__DATA BELOW__:
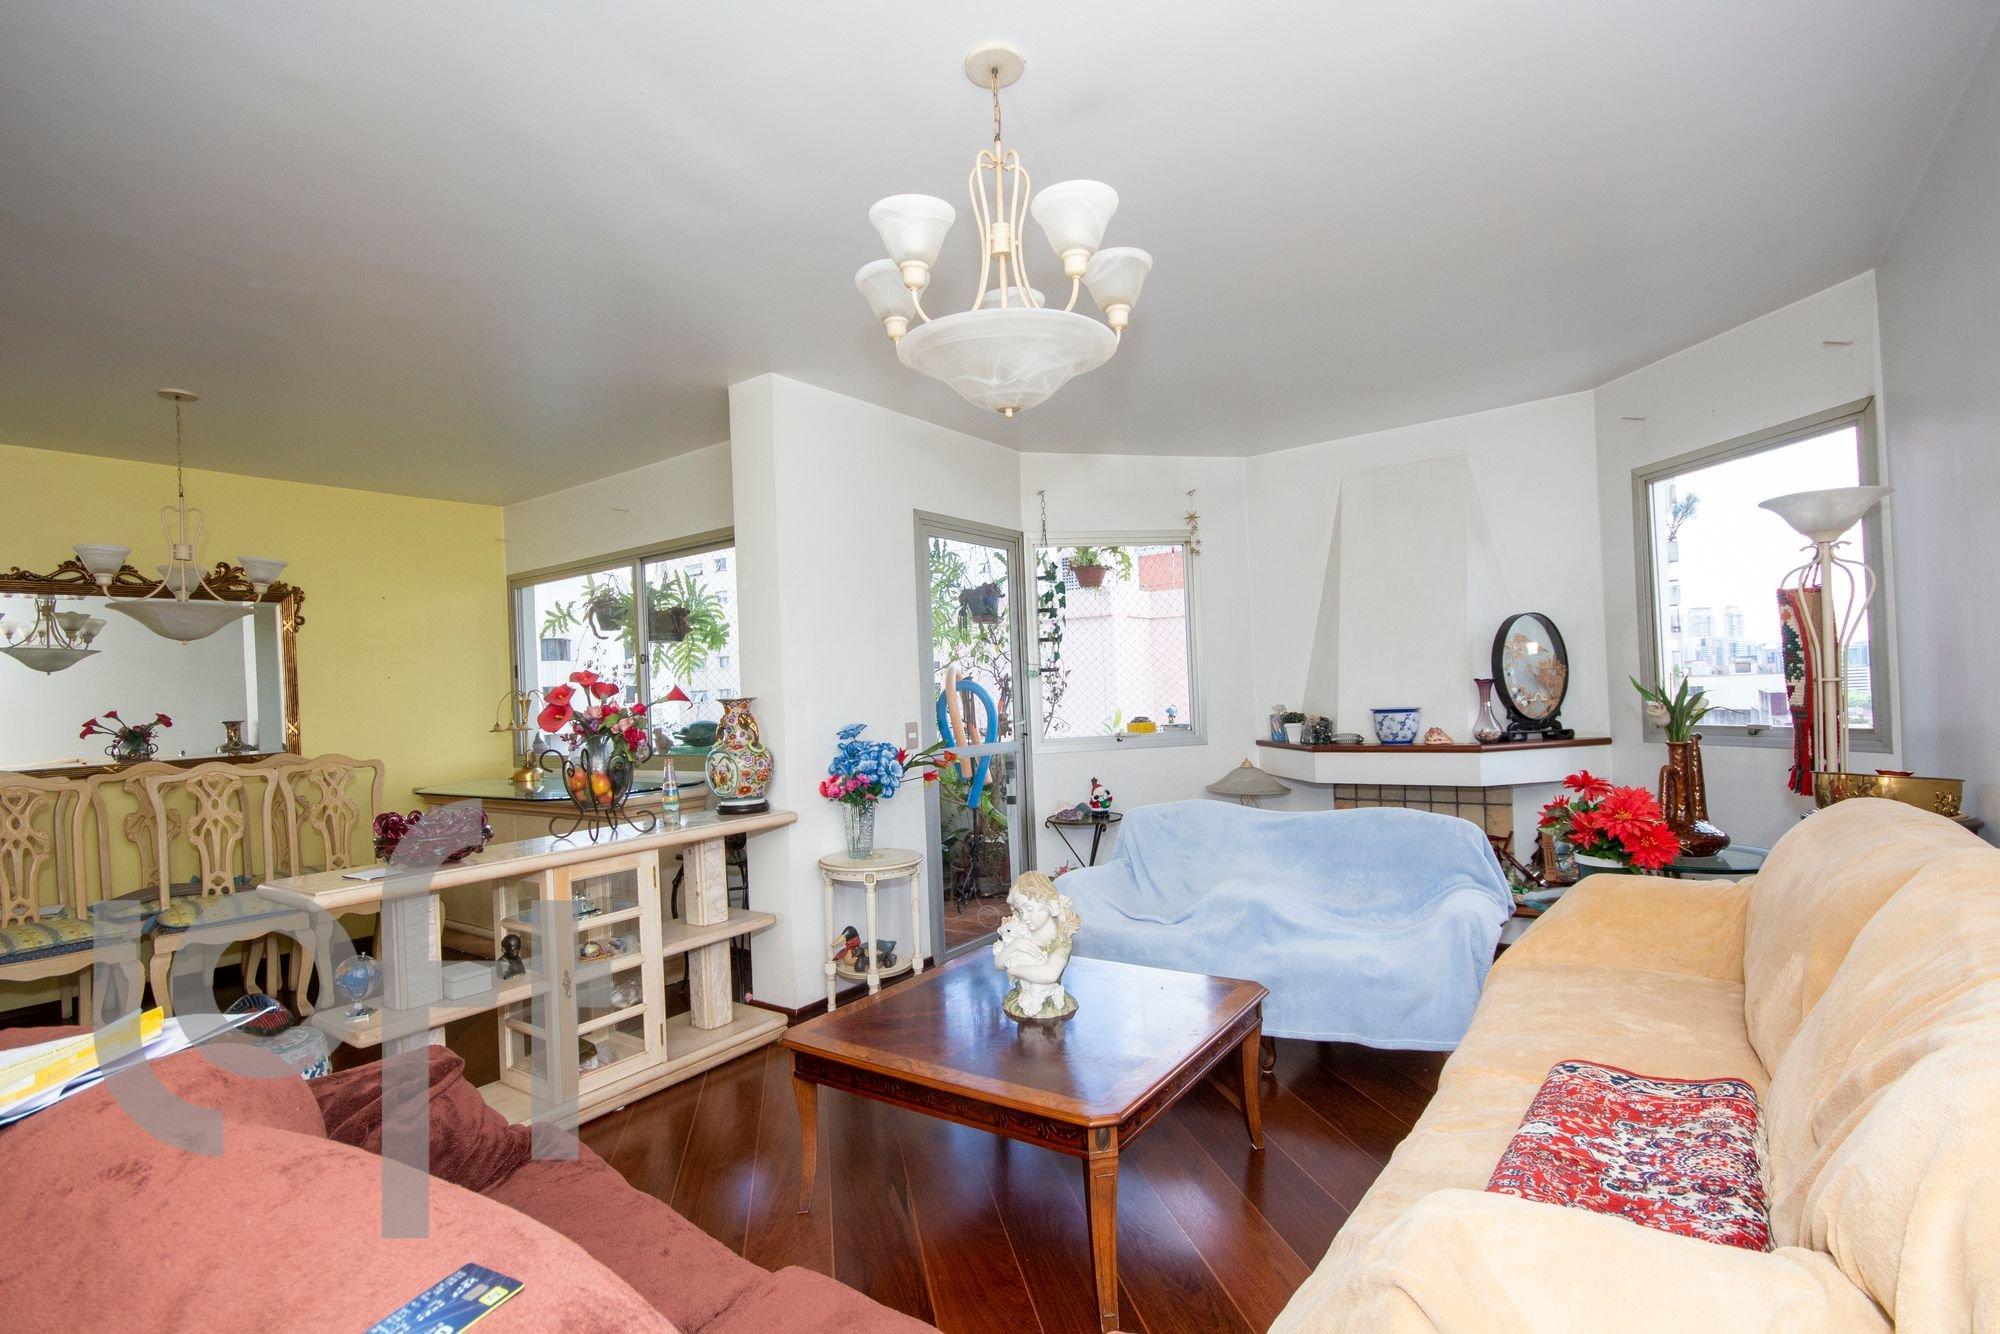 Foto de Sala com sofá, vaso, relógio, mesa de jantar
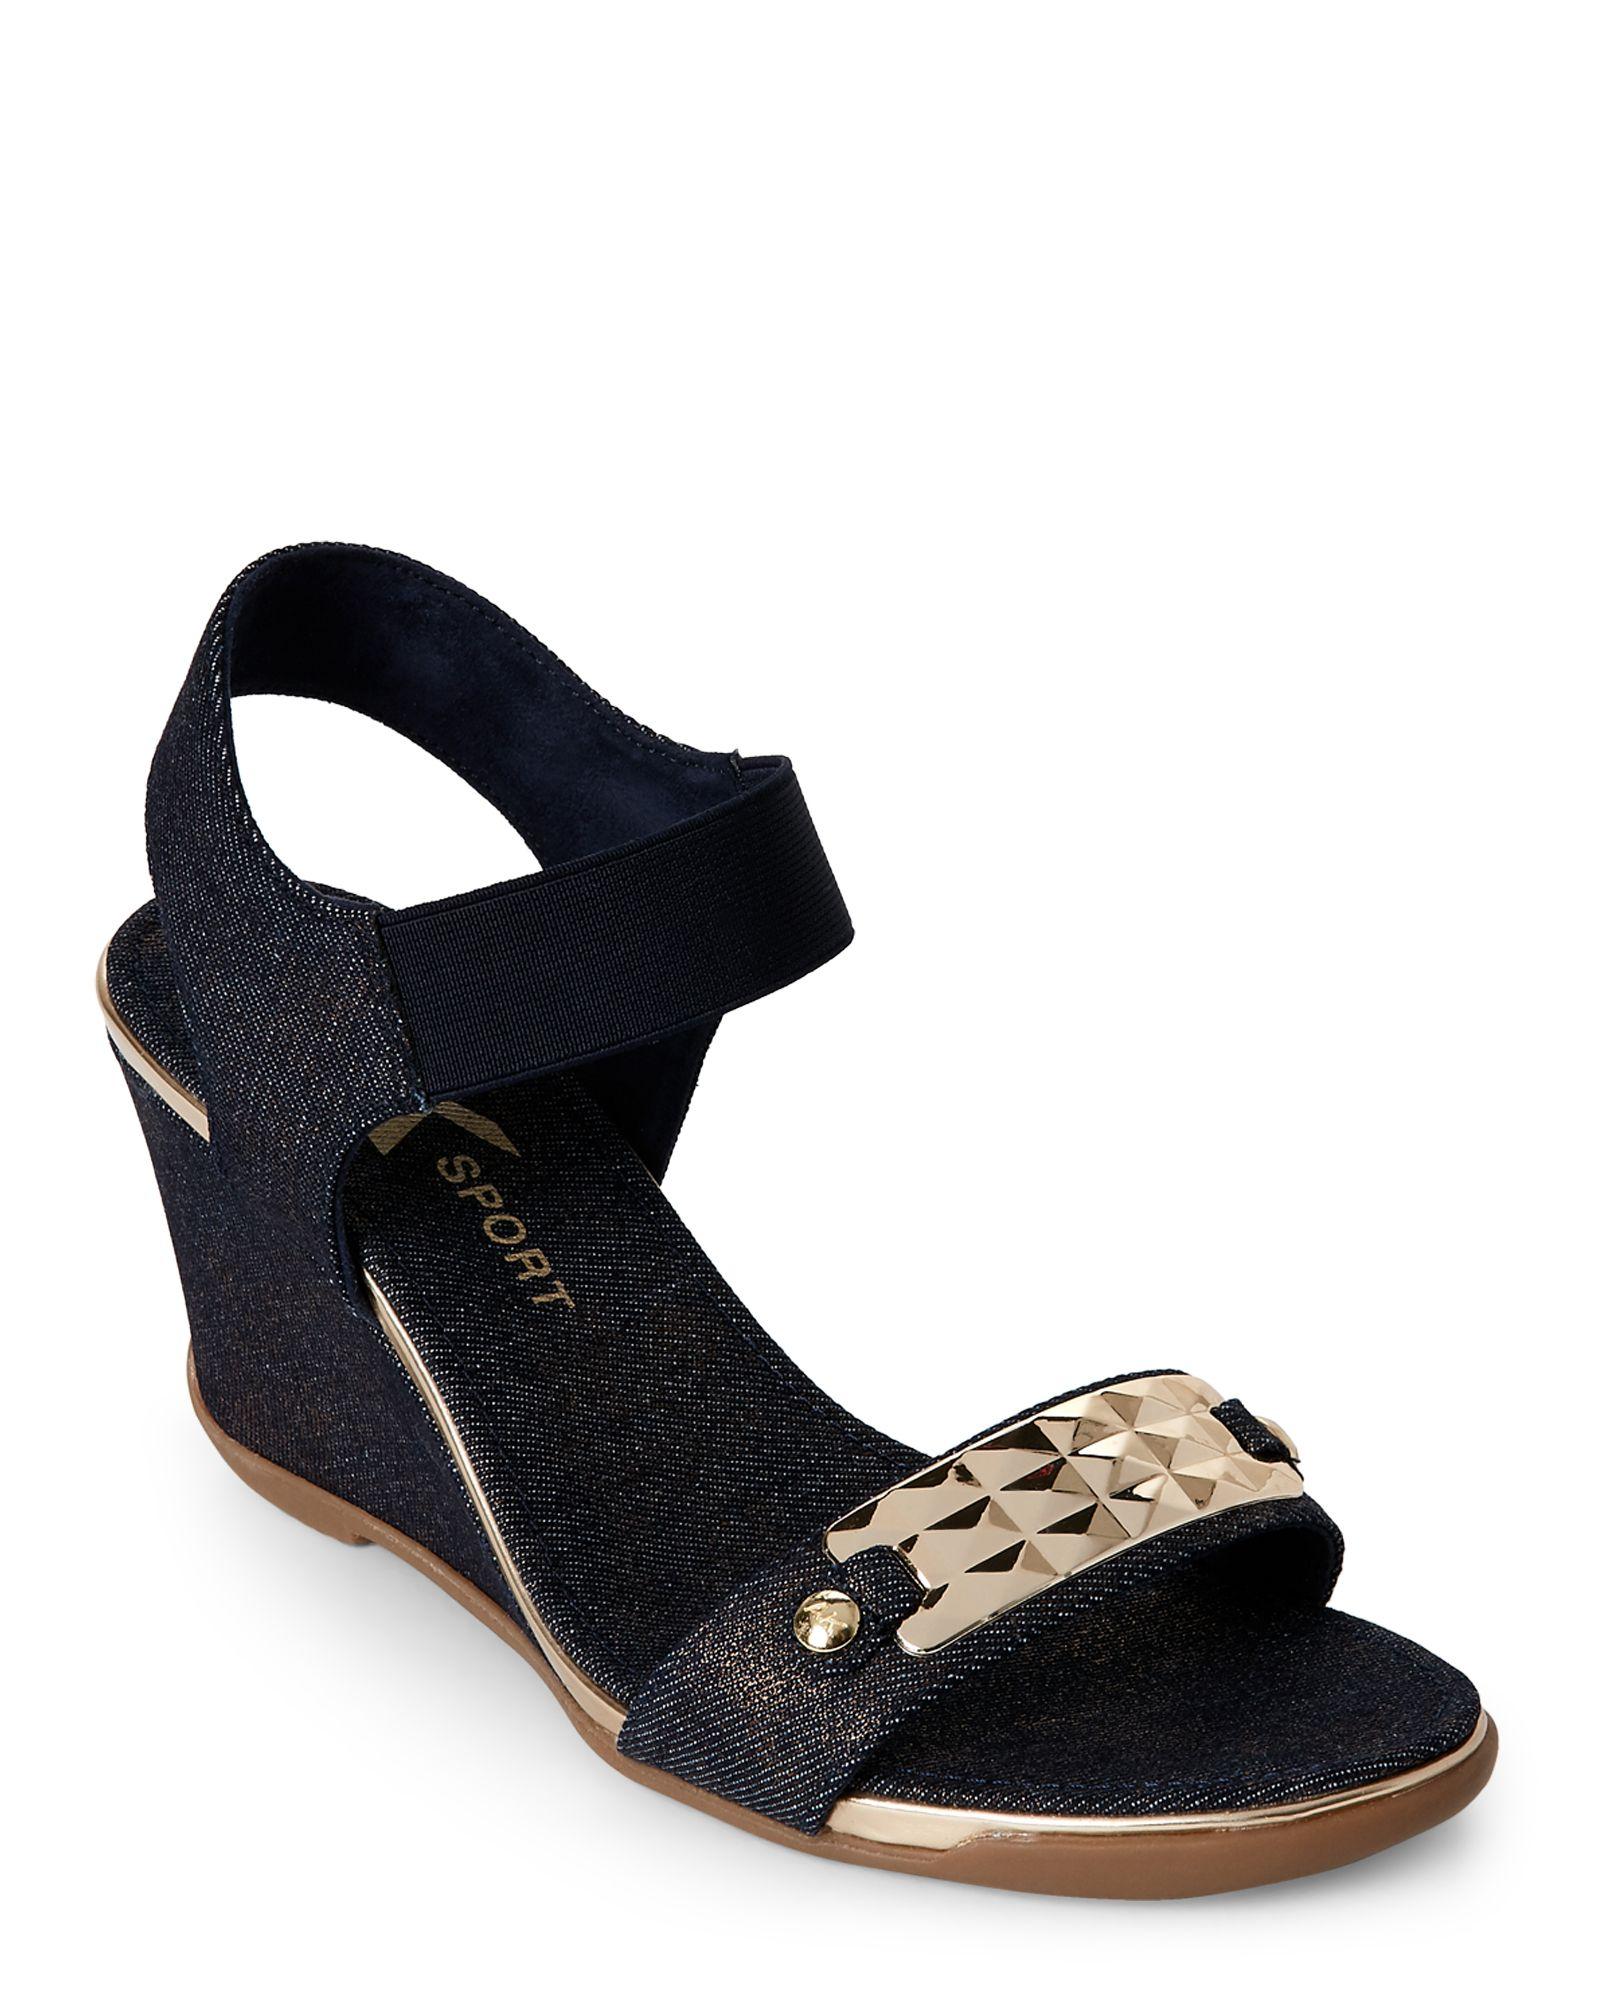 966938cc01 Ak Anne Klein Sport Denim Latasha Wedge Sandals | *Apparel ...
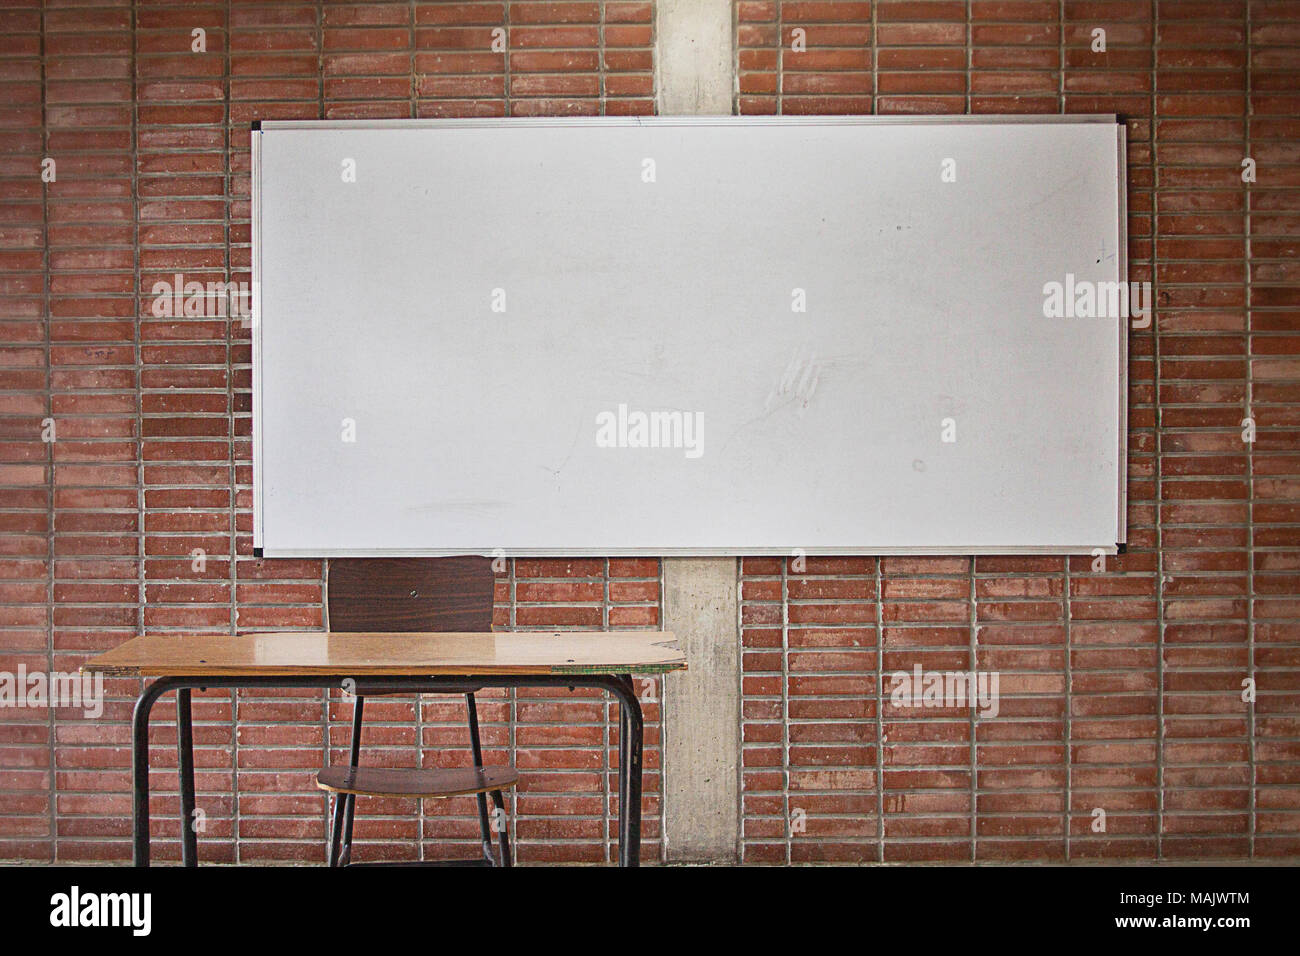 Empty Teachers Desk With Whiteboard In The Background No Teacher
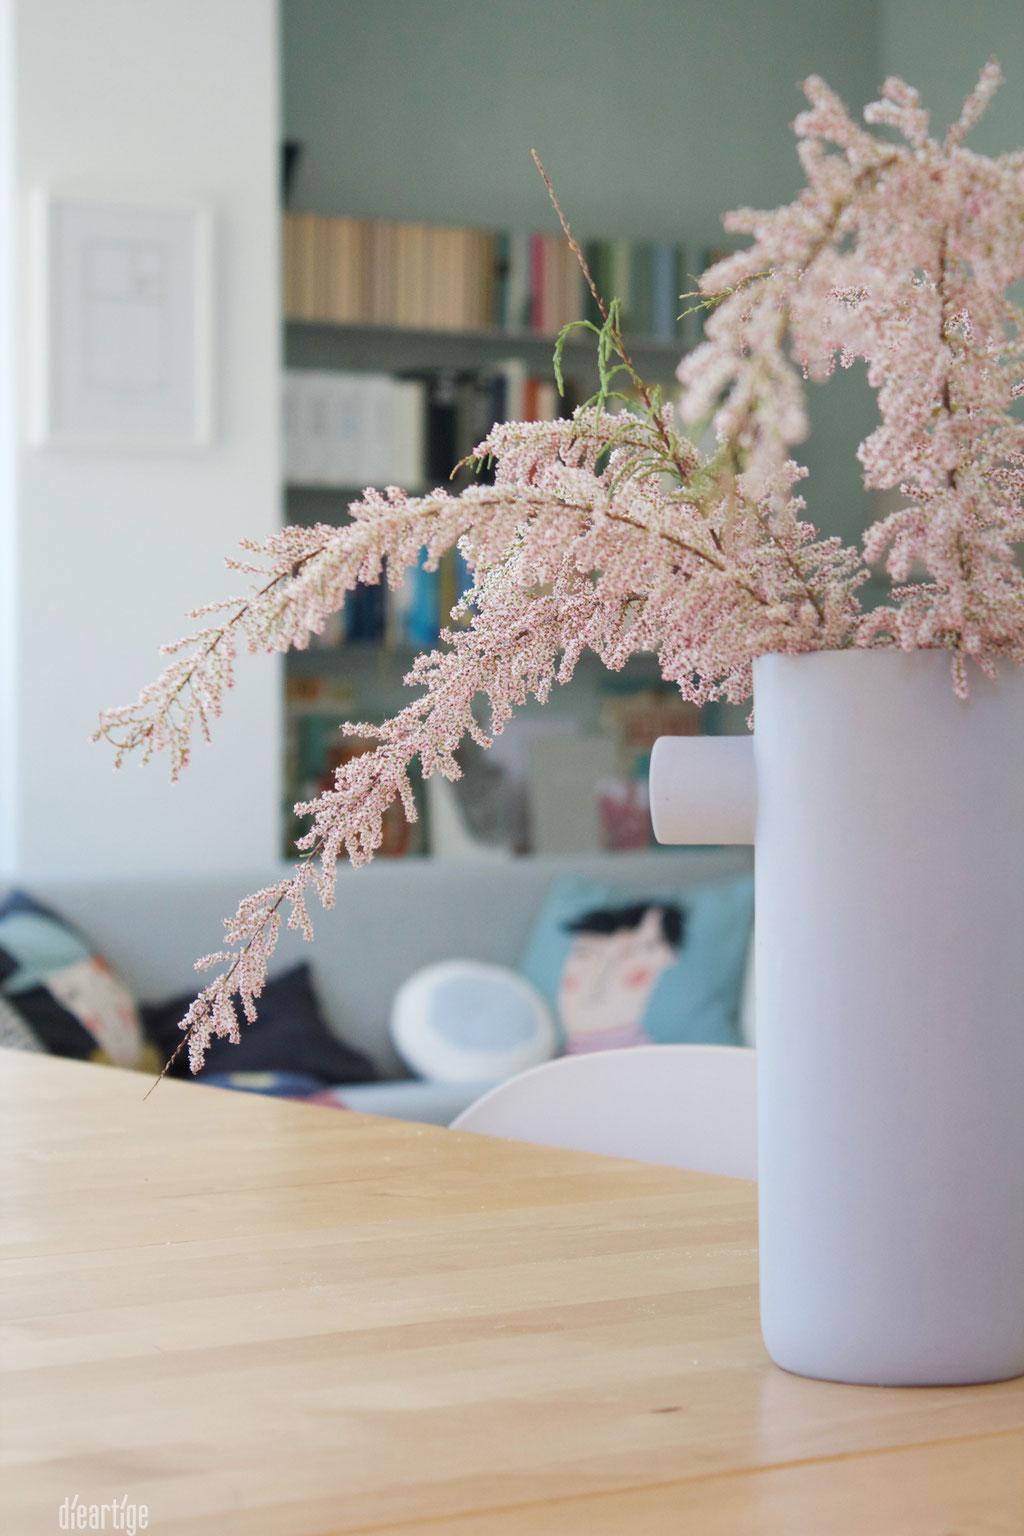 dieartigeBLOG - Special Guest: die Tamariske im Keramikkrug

__WHAT YOU ARE ASKED TO DO__:
Exactly the lines from the line with "Empty Teachers Desk" through the end of the data are to be reproduced, and no picture is to be included.

__RESULT BELOW__:
 Empty Teachers Desk With Whiteboard In The Background No Teacher
 dieartigeBLOG - Special Guest: die Tamariske im Keramikkrug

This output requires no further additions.